June 3, 2014 § Leave a comment

We’ve talked here numerous times about the unappealability of a judgment that disposes than fewer than all of the issues pending before the court. If you type “54(b)” in that search box over there it will take you to the many posts on the subject.

The COA case of Newson v. Newson, handed down May 13, 2014, presents a scenario that just might apply in one of your cases, so you should take notice.

In May, 2011, the chancellor entered a judgment granting Lori Newson a divorce from her husband, Anthony, on the ground of adultery. On that day, Anthony’s attorney advised the court that his client had filed for bankruptcy, so the judge reserved ruling on alimony and equitable distribution until the status of the bankruptcy was clarified. 

In March, 2012, the chancellor gave the parties the go-ahead to proceed. In August, 2012, the parties submitted a partial agreement, and the court made a partial ruling. The court stated that “the responsibility of the indebtedness of the respective parties, spousal support/alimony, attorney’s fees and/or costs owed by the parties would be reserved for a final hearing. Apparently there was another hearing, because in October, 2012, the court entered an order styled or referred to as a final order, granting Lori periodic alimony, and finding that Anthony was in arrears in the sum of more than $64,000 in alimony, for which he was in contempt. The judge left the record open for Lori’s attorney to present a statement of services rendered so that he could adjudicate attorney’s fees. Anthony filed a motion asking the court to reconsider (R59, I guess, since there is no such thing as a motion for reconsideration), which the court overruled. Anthony appealed.

The COA predictably ruled that, since the chancellor had left the record open without finally adjudicating the issue of attorney’s fees, and without certifying the case, the COA was without jurisdiction and dismissed the appeal.

Now, here’s the twist …

Quite often lawyers ask the court to combine into the final hearing the contempt issues that accrue during the pendency of a divorce. It’s not unusual for the court in such a situation to adjudicate finally all of the divorce issues — grounds, custody, child support, equitable distribution, alimony, attorney’s fees on the divorce — and then to treat the contempt issues. In addressing the contempt issues, the court many times will order that the contemnor do certain things to purge himself of contempt, and for the matter to be reviewed at a later date. Sometimes there is a second or even a third review hearing. In such a case, you are stuck with an unappealable divorce judgment until the trial judge finally adjudicates everything.

Unless …

  • You file a R59 motion (within ten days of the original judgment) asking the court to add the “express determination that there is no just reason for delay,” per R 54(b), and directing entry of a final judgment on the issues of divorce, custody, equitable distribution, alimony, attorney’s fees on the divorce, leaving the contempt issues to take their own, separate course. Or …
  • You could make a motion at the conclusion of your case that the issues be severed, and that the court make the R54(b) certification to be included in the final judgment.
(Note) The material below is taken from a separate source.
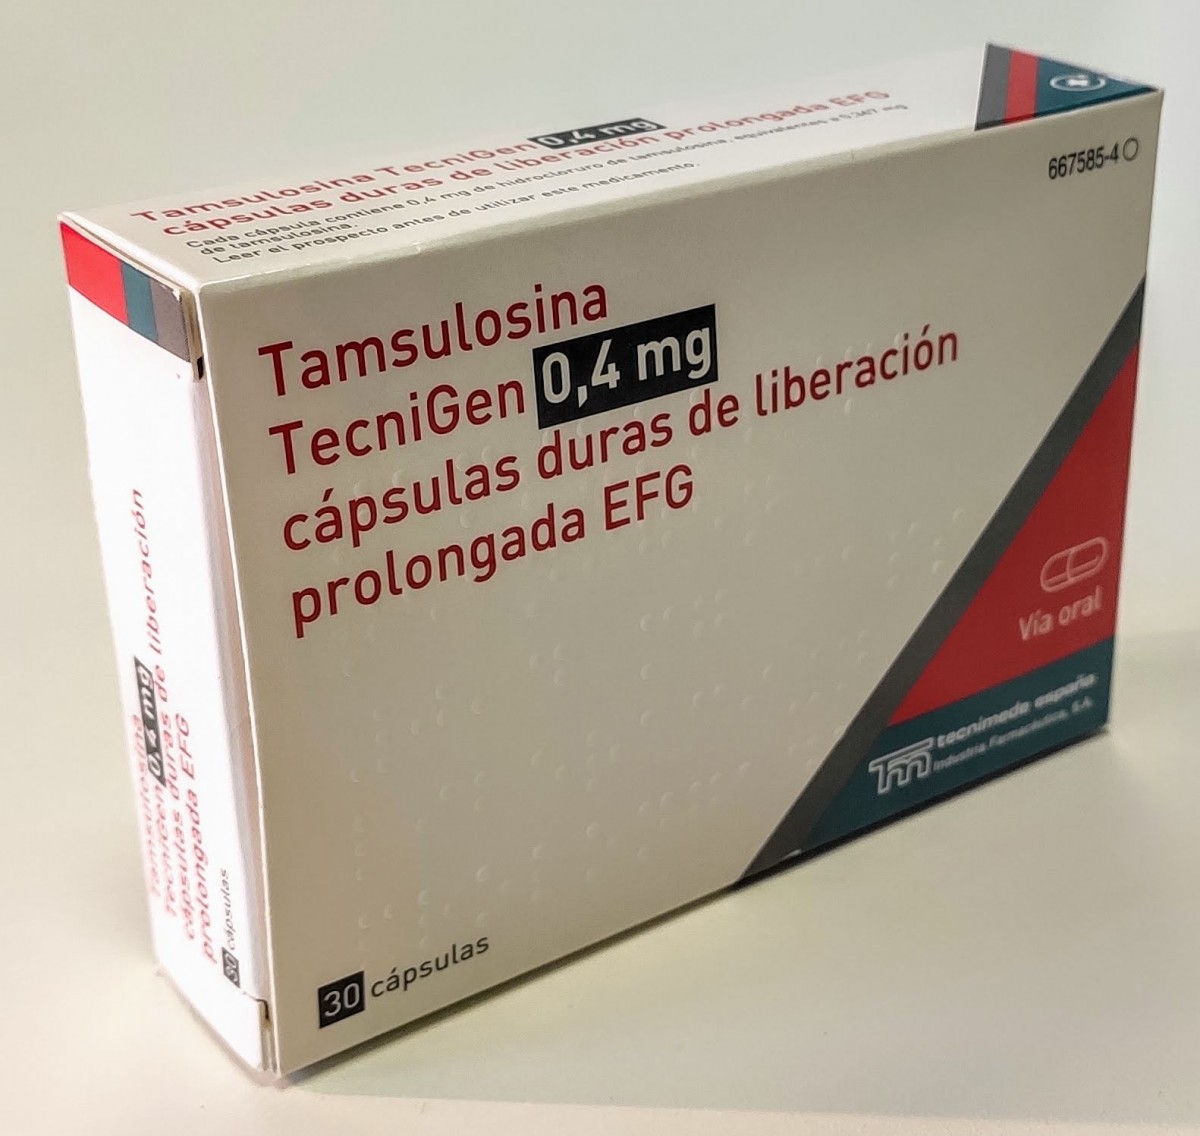 TAMSULOSINA TECNIGEN 0,4 mg CAPSULAS DE LIBERACION PROLONGADA EFG, 30 cápsulas fotografía del envase.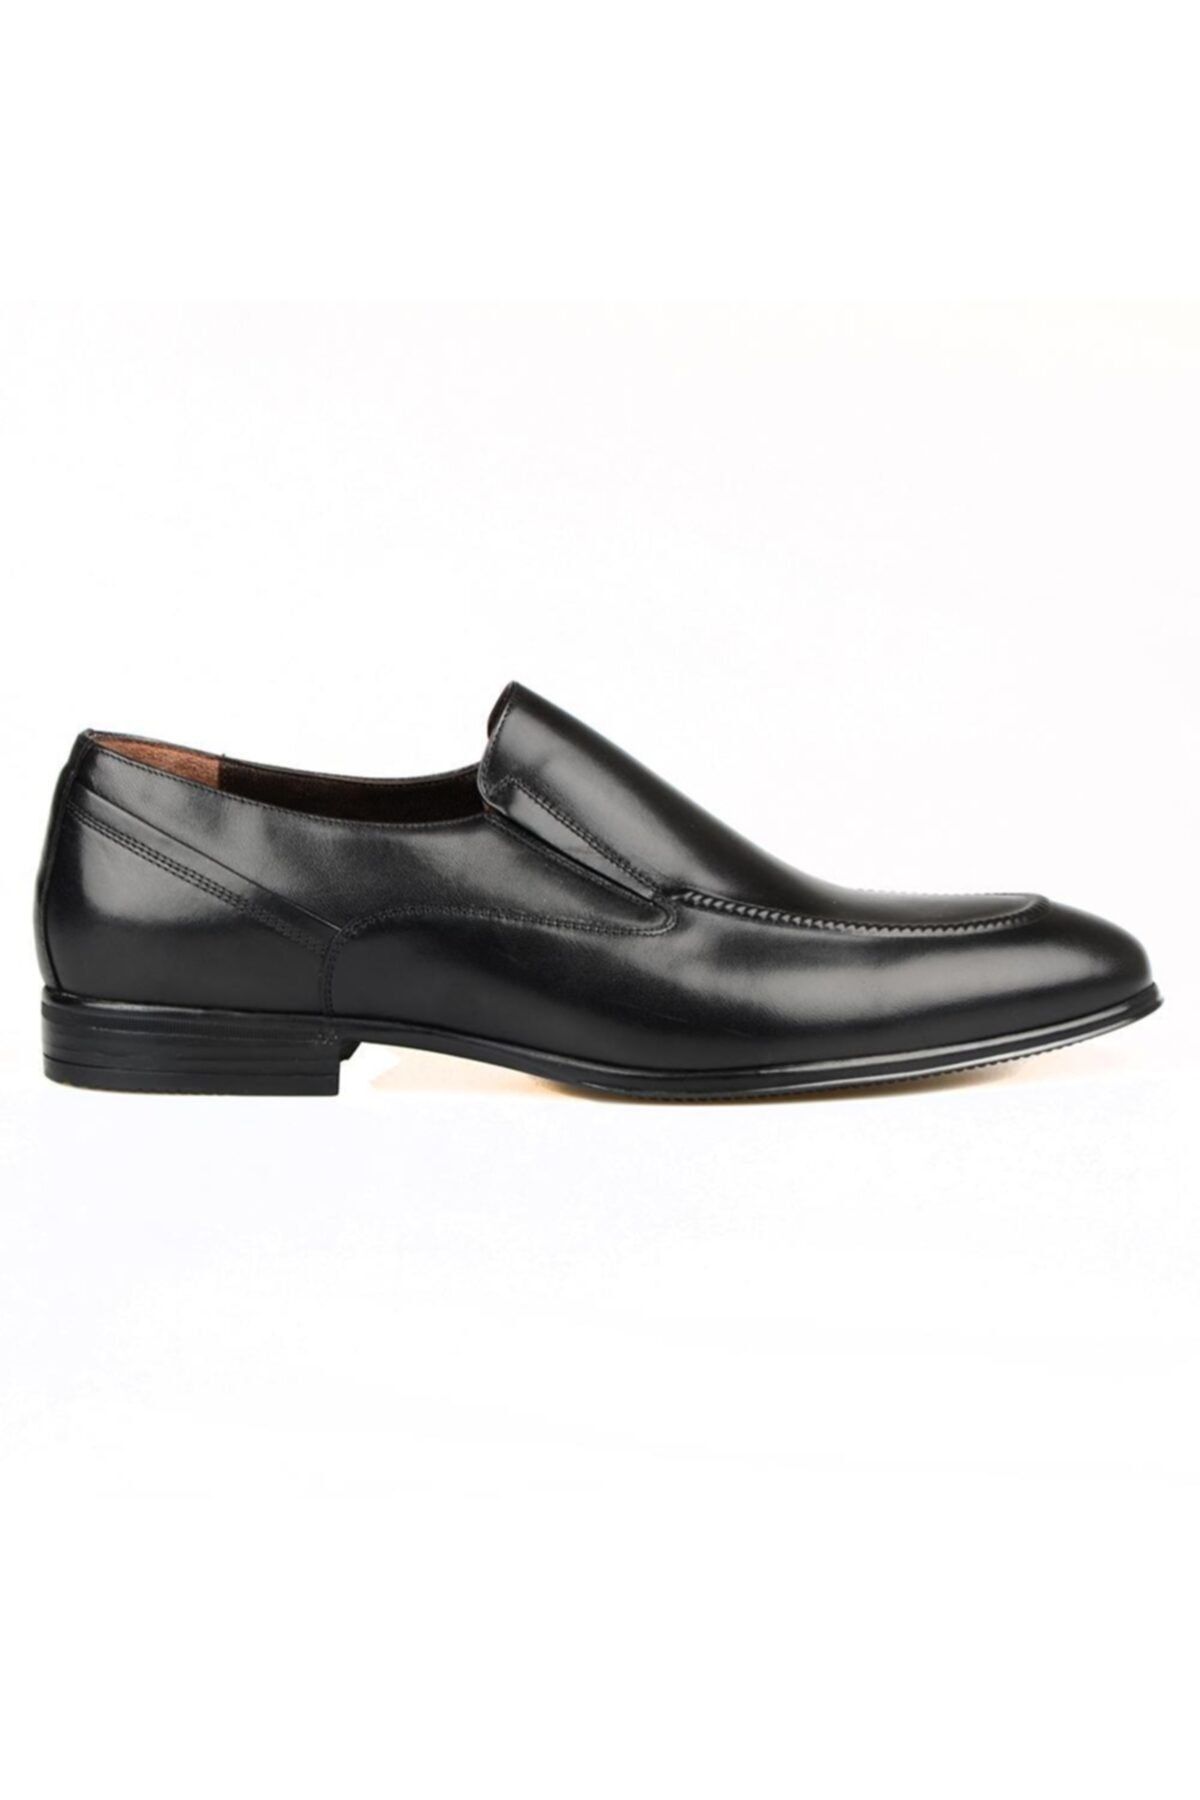 FootCourt Bağcıksız Kaymaz Taban Klasik Erkek Ayakkabı Siyah Deri

Of course, you could ask the court not to combine the contempt issues in with the final divorce hearing in the first place, but most clients want the hourly billing and the courtroom time to end, so it’s usually more efficient from a time and law-weariness standpoint to get it all over with in one hearing.    

This is one of those situations where you need to pay attention to where you are and how you got there. Once you realize you are faced with a judgment that may not be appealable for quite some time, you need to take steps to extricate your client from that bind.